> [Provided material]
========================================================================

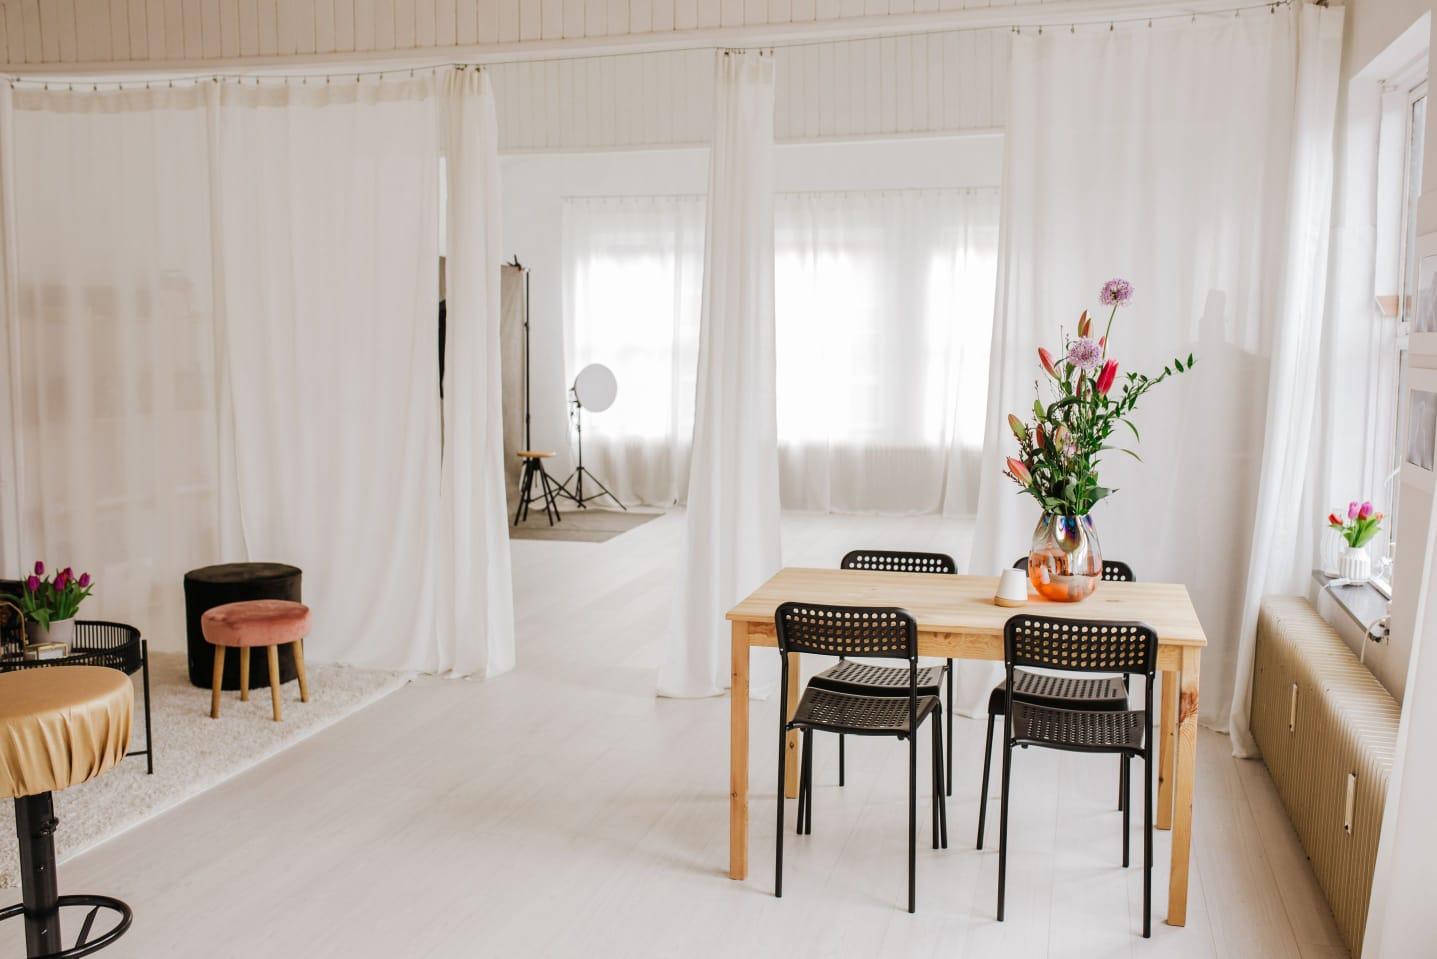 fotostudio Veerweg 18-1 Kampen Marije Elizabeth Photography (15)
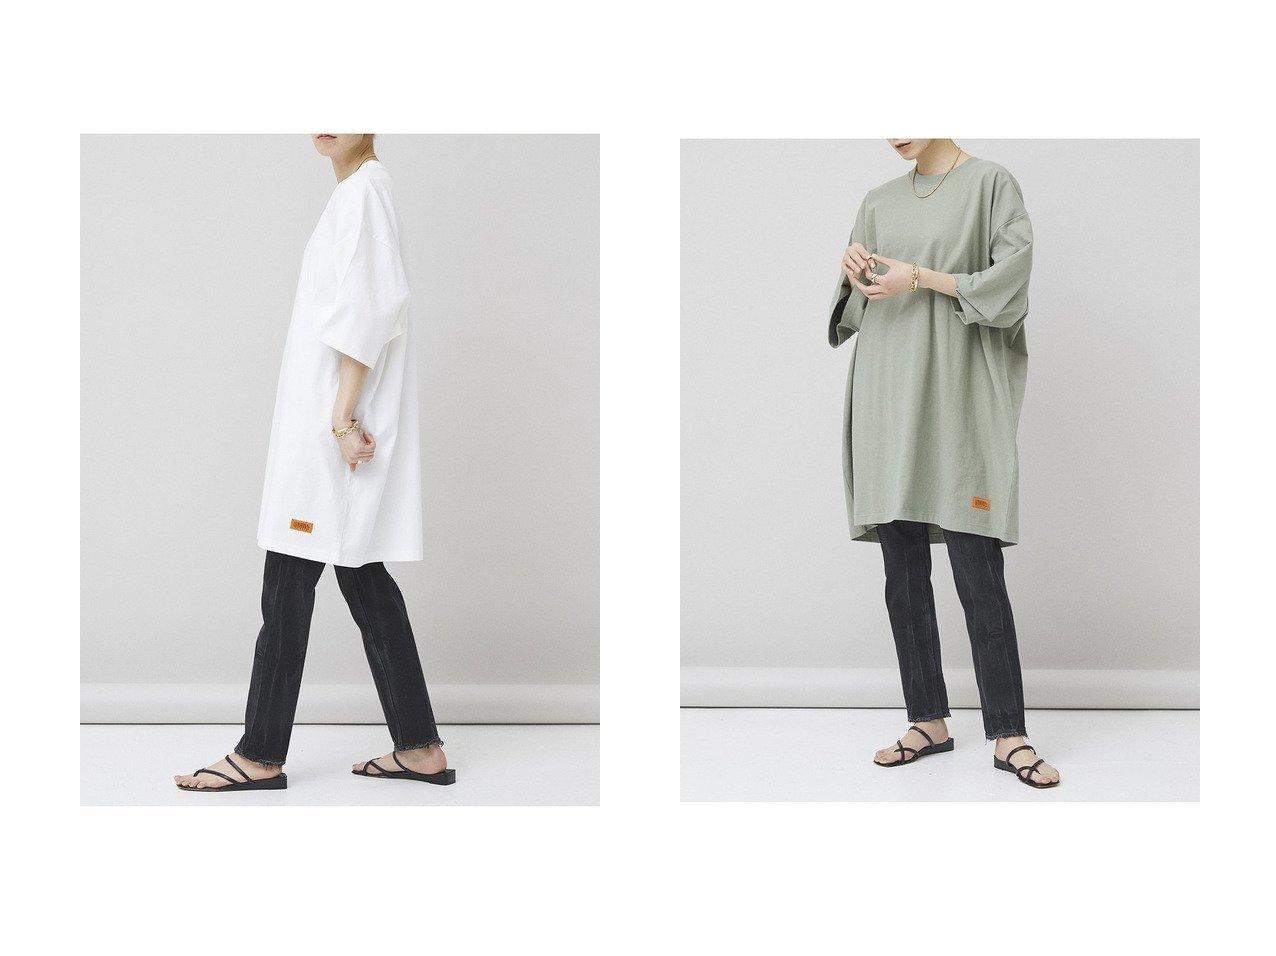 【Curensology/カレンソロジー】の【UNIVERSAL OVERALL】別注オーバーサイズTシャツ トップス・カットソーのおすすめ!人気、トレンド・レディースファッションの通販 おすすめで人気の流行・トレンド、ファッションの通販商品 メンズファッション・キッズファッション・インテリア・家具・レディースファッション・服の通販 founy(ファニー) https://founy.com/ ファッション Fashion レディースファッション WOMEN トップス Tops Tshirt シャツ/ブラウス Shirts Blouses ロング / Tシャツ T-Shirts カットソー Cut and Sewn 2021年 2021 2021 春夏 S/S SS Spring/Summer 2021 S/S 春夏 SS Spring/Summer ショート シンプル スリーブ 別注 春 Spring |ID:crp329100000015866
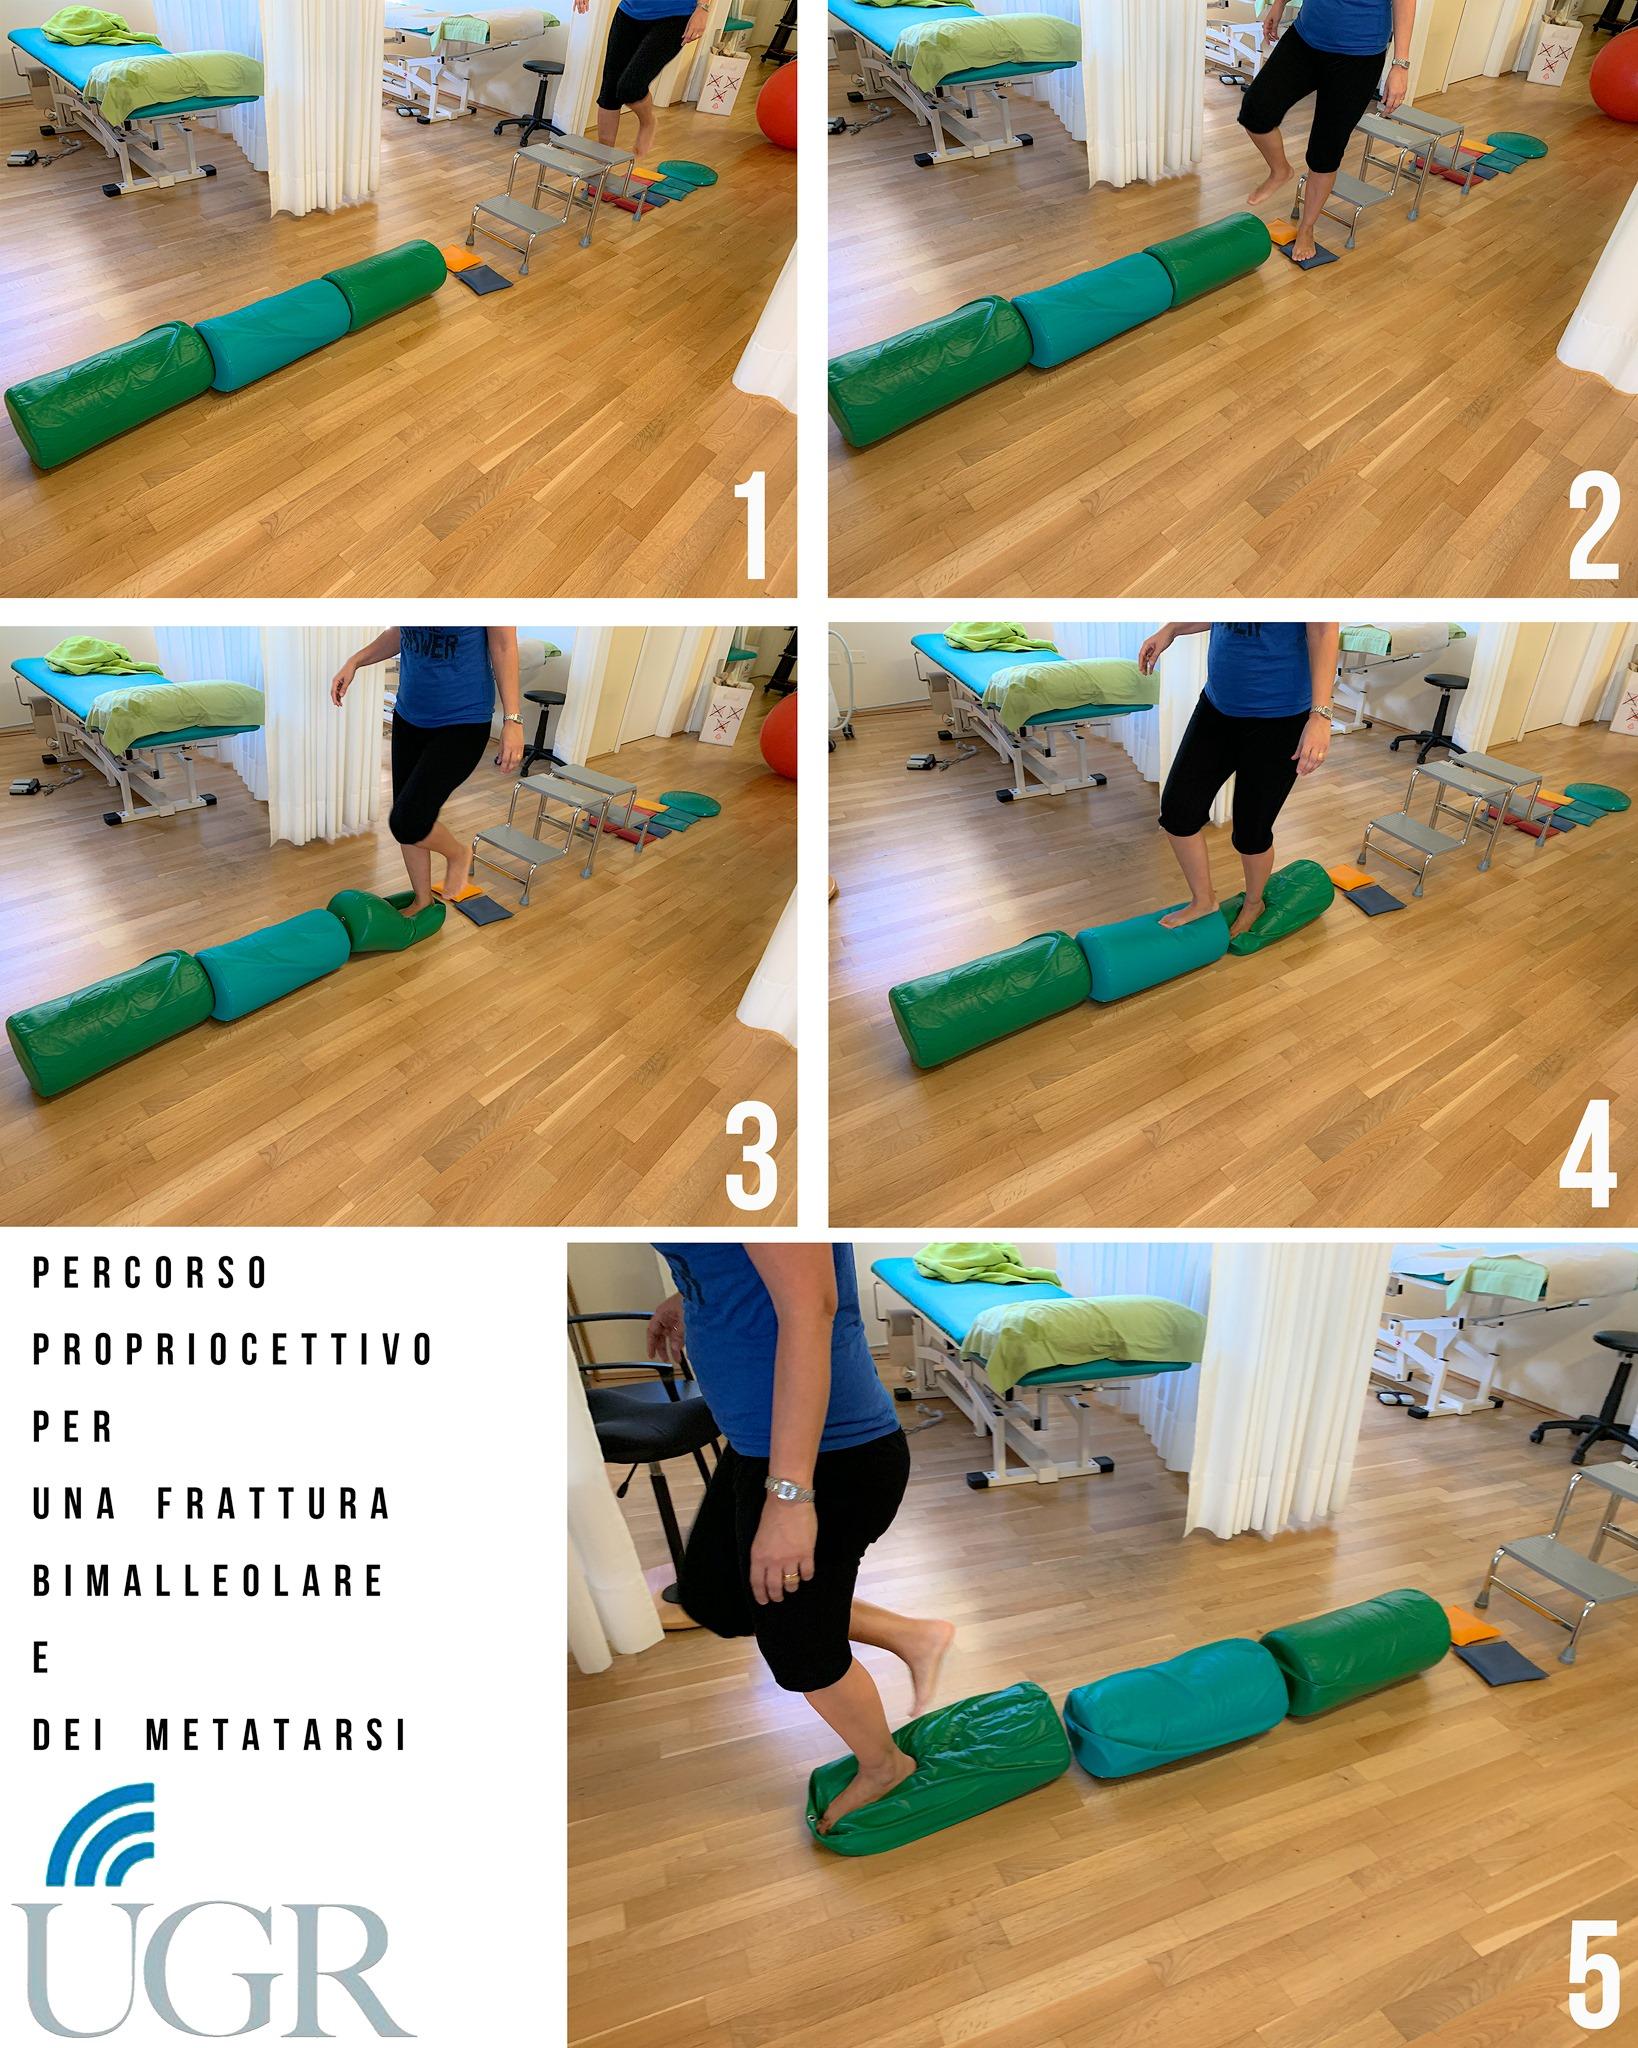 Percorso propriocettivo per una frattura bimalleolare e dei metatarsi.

========================================================================

> [Aim of the exercise] Nothing should appear in the answer except the lines from the first line of the data through the line holding "春 Spring |ID:crp329100000015866", exactly as written, with pictures left out.

> [Task answer]
 fotostudio Veerweg 18-1 Kampen Marije Elizabeth Photography (15)
 【Curensology/カレンソロジー】の【UNIVERSAL OVERALL】別注オーバーサイズTシャツ トップス・カットソーのおすすめ!人気、トレンド・レディースファッションの通販 おすすめで人気の流行・トレンド、ファッションの通販商品 メンズファッション・キッズファッション・インテリア・家具・レディースファッション・服の通販 founy(ファニー) https://founy.com/ ファッション Fashion レディースファッション WOMEN トップス Tops Tshirt シャツ/ブラウス Shirts Blouses ロング / Tシャツ T-Shirts カットソー Cut and Sewn 2021年 2021 2021 春夏 S/S SS Spring/Summer 2021 S/S 春夏 SS Spring/Summer ショート シンプル スリーブ 別注 春 Spring |ID:crp329100000015866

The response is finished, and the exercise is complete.